Lastly fully automated autos are going to reduce a lot of the non financial costs of driving.  The boredom of sitting in traffic will be replaced by entertainment, the discomfort many feel sitting in car seats can be replaced with better designs now that the steering wheel is out of the way, and the safety risks of driving should be mitigated.  An economist should expected that self driving cars will reduce the costs of driving, and so should increase the incidence of driving.  This should mean people get more use and value out of owning their individual car(s), which will push back heavily against corporate ownership.

Friday, August 19, 2016

It can't all be money

I'm only two years behind on this debate about fractional reserve banking.  Since I am writing for no one I can summarize it very quickly.  John Tamny says that the money multiplier doesn't exist and Warren Gibson says that it does.  As usual the answer comes down to definitions.  Warren Gibson says that credits in your checking account (or anything part of M1) is money-

Most definitely, because it fits the definition perfectly: a generally accepted medium of exchange

I will focus on the last 3 worlds of this line, but first a silly example.  Suppose the Federal reserve prints up trillions of dollars worth of crisp, clean bills.  It packs them on trucks, ships them down to Cape Canarveral, loads them onto a shuttle and blasts them into space where it escapes the Earth's orbit and sails away into the cold, black emptiness of space.  Is this money?  It all looks, feels and matches the legal definition of money back on Earth, but how would it effect the prices of goods and services?  The obvious answer is that it wouldn't, and so the economic answer is that it isn't money.  What if the Fed printed that money, but then locked it in an underground vault and held it there never intending to use it?  Same answer, so when we talk about money part of the definition has to be about the accessibility of that money.  On to fractional reserve banking.

Adam takes $100 and deposits it in his bank, his bank says "come back anytime and get it", then lends $90 out to Bill who deposits that $90 into a different bank.  This bank also says "come back anytime and get it", and then promptly loans out $81 to Charles, and so on and so on.  If you take the sum total of everyone's bank account once the process has completed there would be $1,000 totaled across them.  This is where Warren Gibson gets the idea that the "money supply" must be $1,000, Tammy is a finance guy though, so he looks at the broader picture.  Every dollar created after the initial deposit is an asset and a liability.  When Adam's bank makes the $90 loan they create a $90 asset, but the also saddle themselves with a $90 deficit that they owe to Adam.  Back to accessibility.

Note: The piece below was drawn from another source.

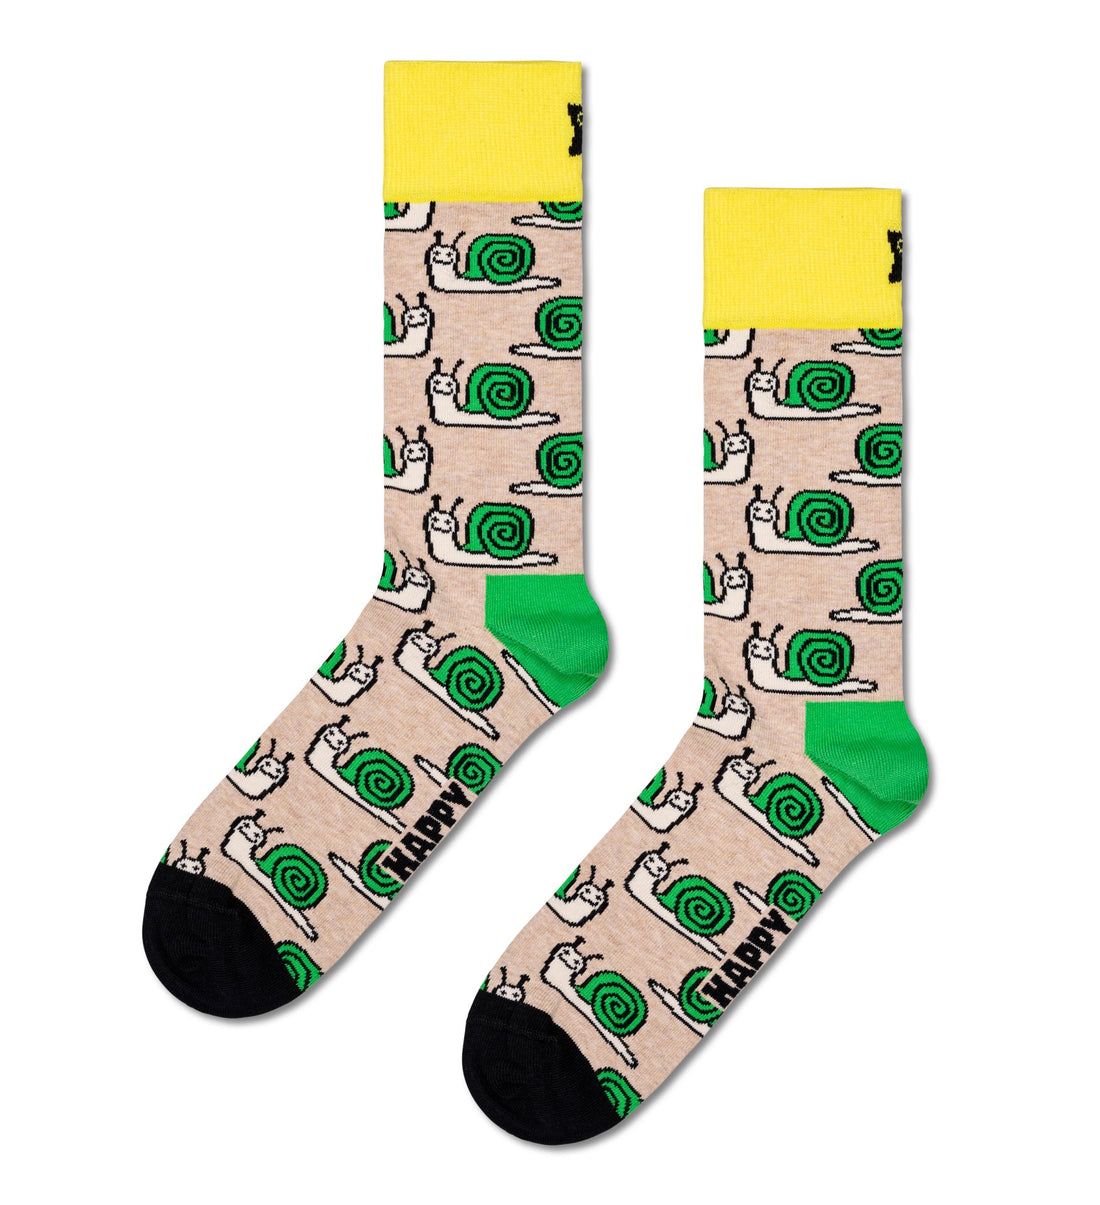 Happy Socks - Snail Sock

Can $1,000 be withdrawn from the banking system and be spent?  No.  If Adam withdraws his $100, then his bank has to run to Bill and demand their $90 back (assuming all deposits and loans are callable at any time), Bill runs to his bank to withdraw the $90, who has to run to Charles to get the $81.  No matter how you slice it only $100 can be withdrawn from the system and then spent on goods and services, and there is no way to get the effect of $1,000 on goods and services.

This is exactly the effect that full reserve Austrians cite when they state that Fractional Reserve Banking is fraudulent, there is no way for all people in the line to effectively use their individual deposits.  If some guy in the middle of the chain withdraws his $50 to spend then that immediately prevents Adam from ever accessing his full $100, while also calling in every loan made beyond that $50 deposit.

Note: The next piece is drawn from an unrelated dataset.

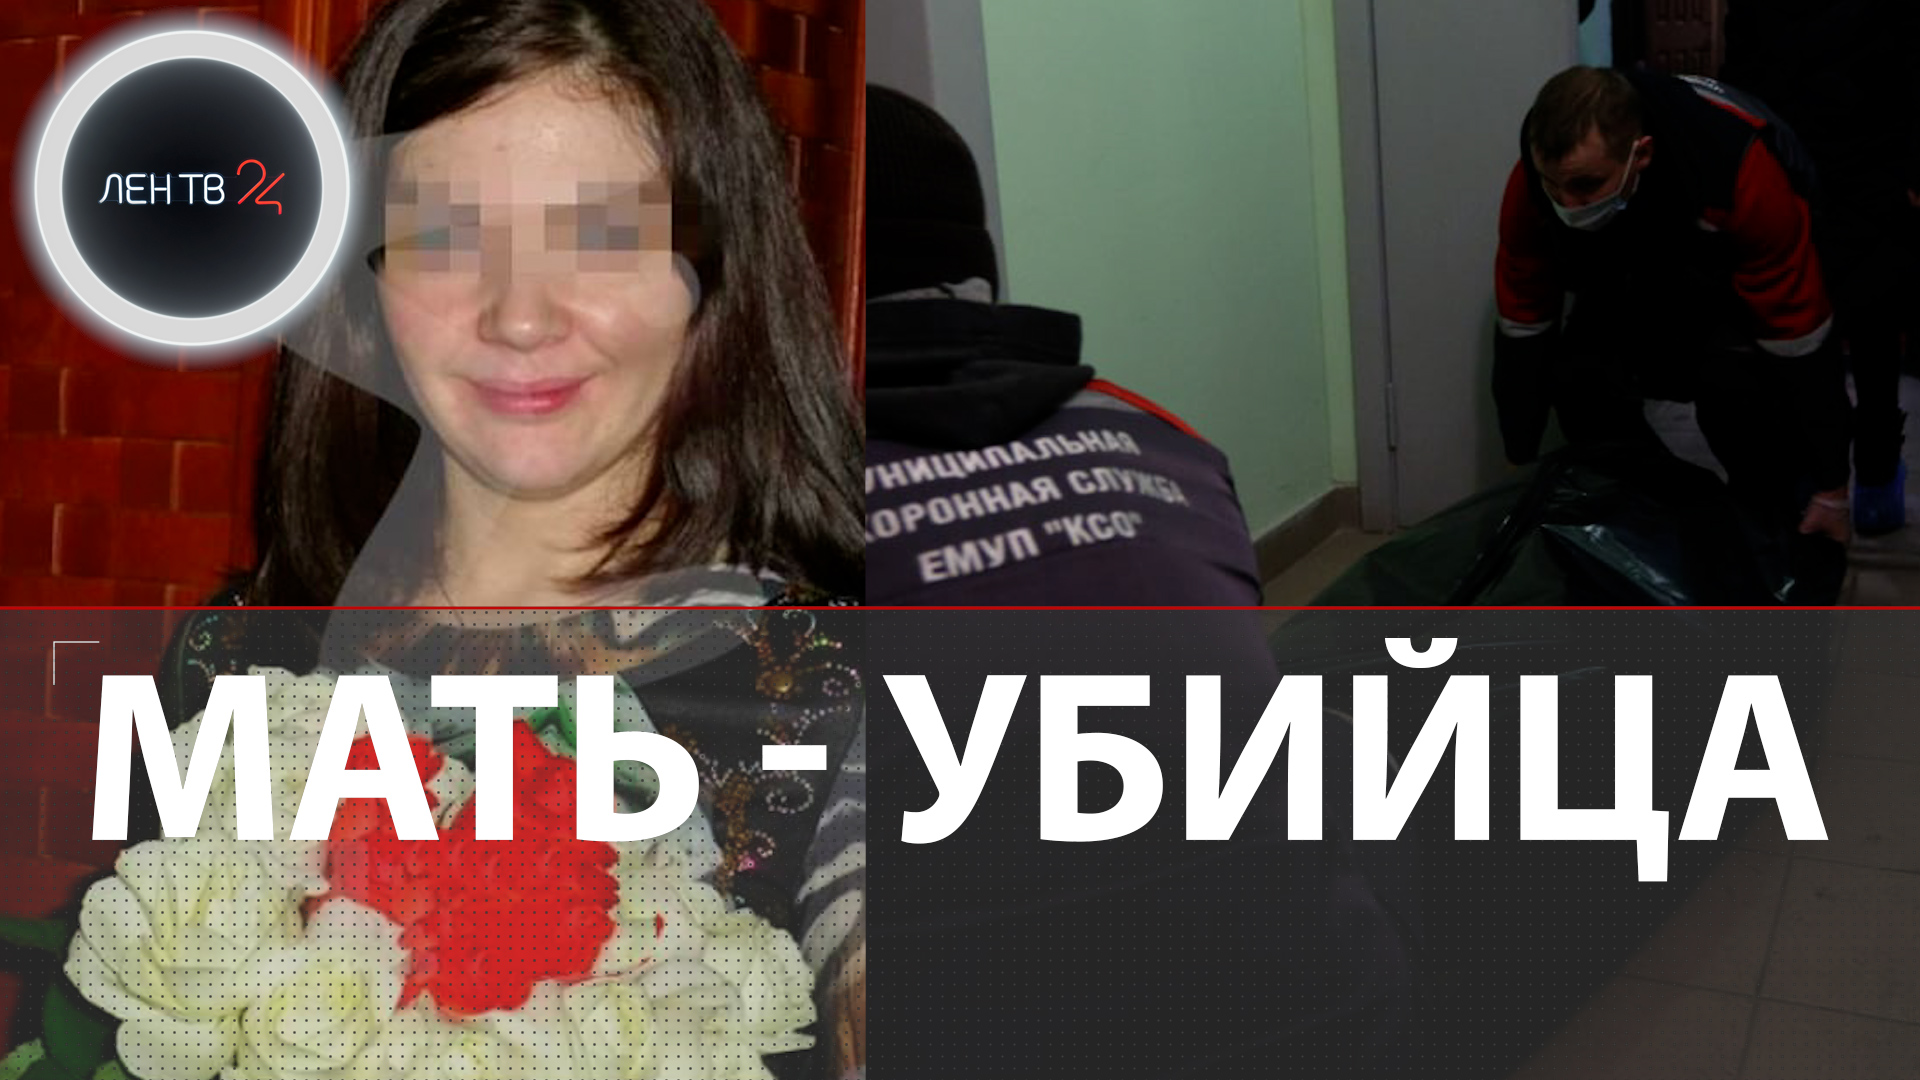 Мать душила. Убившая в Екатеринбурге троих своих детей.

As far as empirical (anecdotal!) evidence, I think it is on the side of Tamny.  Japan has a massive public debt, which has been building for a few decades now, the level of reserves held by the Japanese Central bank have exploded, and yet the only inflation seen in the immediate past was a short term blip when the sales tax increase went into effect.  If M1 is money, if government bonds paying near zero are also money (which flows from the same definition as Gibson tries to use) and if inflation is due to increases in the money supply, then you can't escape the prediction that Japan should be crumbling amid hyper inflation.